Feature Archive

Parkinson's Disease: The Cutting Edge

Experts explain how new research and new drugs offer Parkinson's disease patients more options than ever -- and exciting new treatments to come. 

By Colette Bouchez
WebMD Feature

Reviewed By Brunilda Nazario

Some famous faces have recently focused our attention on the progressive neurological disease known as Parkinson's disease. Most notable among them are Pope John Paul II, actor Michael J. Fox, and former Attorney General Janet Reno.

But now, doctors say some cutting-edge treatments may soon take center stage. Among the new discoveries: a transdermal skin patch for round-the-clock symptom control; two new surgical procedures for treating advanced disease; and a brand new way of diagnosing Parkinson's disease long before the movement disorder begins to show its signs.

"It's vital for patients and their families to know that we are moving forward every day, and every day we are learning more about this illness," says Michael Kaplitt, MD, PhD, director of Movement Disorders Surgery at Weill Cornell Medical Center/New York Presbyterian Hospital in New York City.

A progressive neurological disease affecting some 500,000 Americans, Parkinson's disease involves the early death of nerve cells that manufacture dopamine. This is a chemical transmitter that stimulates muscles to move in a smooth and coordinated way.

When levels of dopamine are depleted, other brain chemicals become dominant, causing an imbalance that further encourages a lack of muscle control, or sometimes a rigidity that prevents muscle movement. The symptoms can sometimes be felt body-wide.

"In the beginning this can include mild problems, such as a sense of fatigue and restlessness accompanied by small tremors in the hands, arms, and feet; as the disease progresses a patient will have difficulties orchestrating movement in all muscle groups, which can affect walking and even speaking," Kaplitt tells WebMD.

Kaplitt says that by the time symptoms appear, over 70% of the dopamine-producing cells are no longer working, making reversal of the disease impossible.

"It would be safe to say that basically all of our treatments right now are focused on relieving symptoms and not restoring brain function," says Roger Albin, MD, professor of neurology at the University of Michigan and chief of neuroscience research at the Ann Arbor Veterans Affairs Medical Center.

But Albin says many of the newest treatments can dramatically alter the quality of life and even help people who suffer from Parkinson's live longer.
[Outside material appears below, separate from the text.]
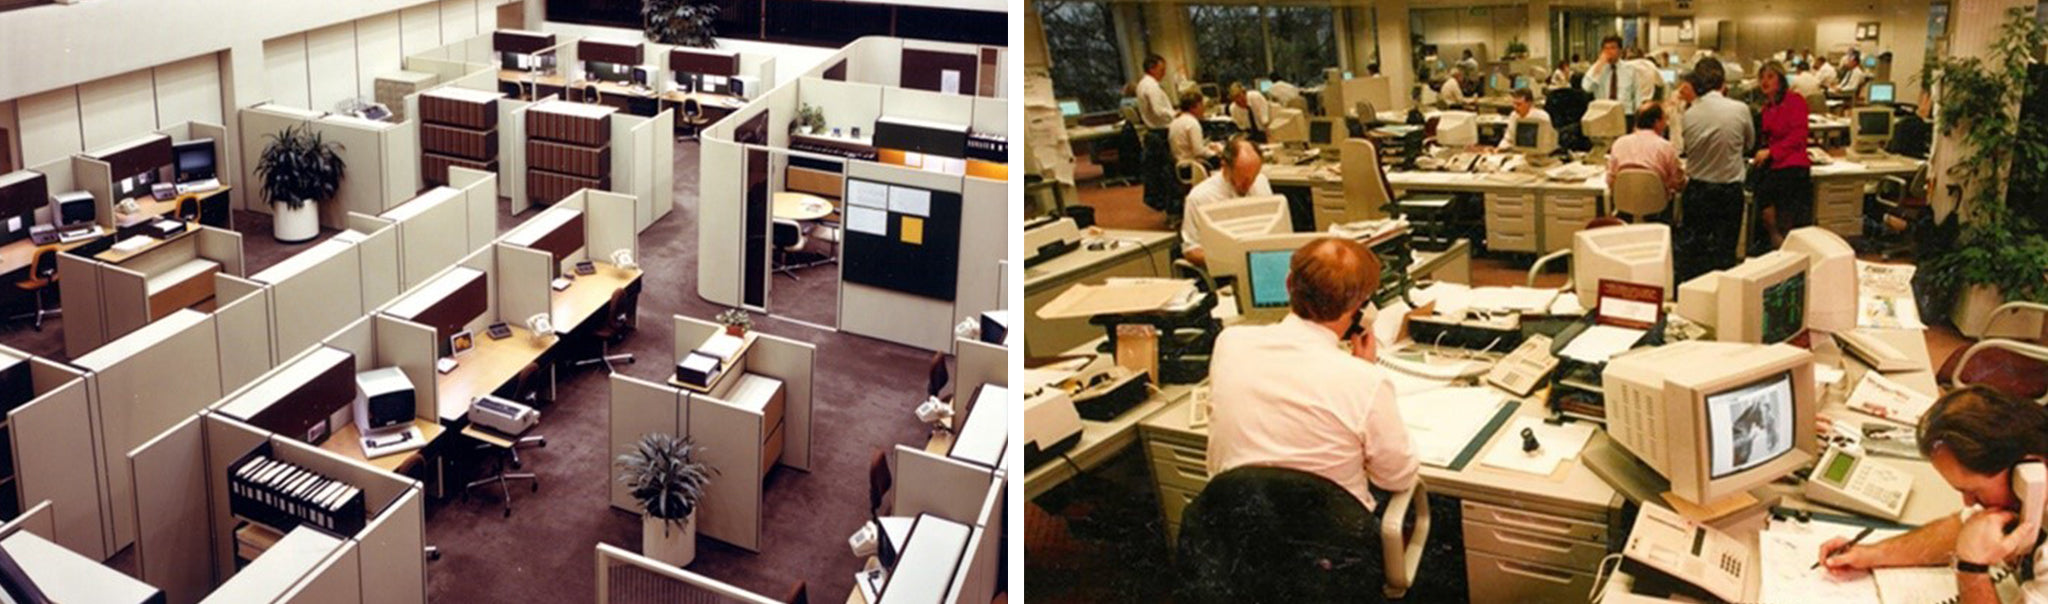 Closed and Open Office Plans in the 1980s-90s. (Image Credit: frovi.co.uk)

For many years, the only treatment Parkinson's patients could rely on were medications designed to help the brain produce more dopamine, act like dopamine, or reduce the breakdown of dopamine within brain cells. While the drugs are effective, many have troubling side effects, including offering only sporadic muscle control. Most, say experts, lose their effectiveness as the disease progresses.

Now, doctors say there is a way to overcome many of these problems with the addition of a cutting-edge treatment known as deep brain stimulation (DBS). It is used only in people whose symptoms cannot be controlled adequately with medication. Doctors use waves of electrical current to affect the way brain cells communicate, and in doing so can help a number of Parkinson's medications work far more effectively for much longer periods of time.

The treatment inactivates regions of the brain that cause tremor and Parkinson's disease symptoms, thereby blocking abnormal nerve signals.

"By sending small pulses of electrical stimulation into the brain we can create a kind of 'noise' that dampens down the flow of abnormal information between brain cells," says Kaplitt. Ultimately, it helps rebalance some of the brain chemistry involved in movement, allowing medications to work better and more effectively.

The treatment itself involves surgery during which an electrode is implanted into the area of the brain where dopamine is made. That electrode is attached to lead wires buried under the skin and connected to a source of electricity outside the body.

"We can then turn it up or down and adjust the flow of 'noise' to suit every patient's individual needs and the stages of disease," says Kaplitt.

Although in research for about nine years, Kaplitt says DBS has only recently stepped into the limelight as an effective treatment and that many Parkinson's patients are still not aware of just how helpful it can be.

Because the surgery is done primarily to increase the effectiveness of current medications, those already responding well to drug therapy are not candidates.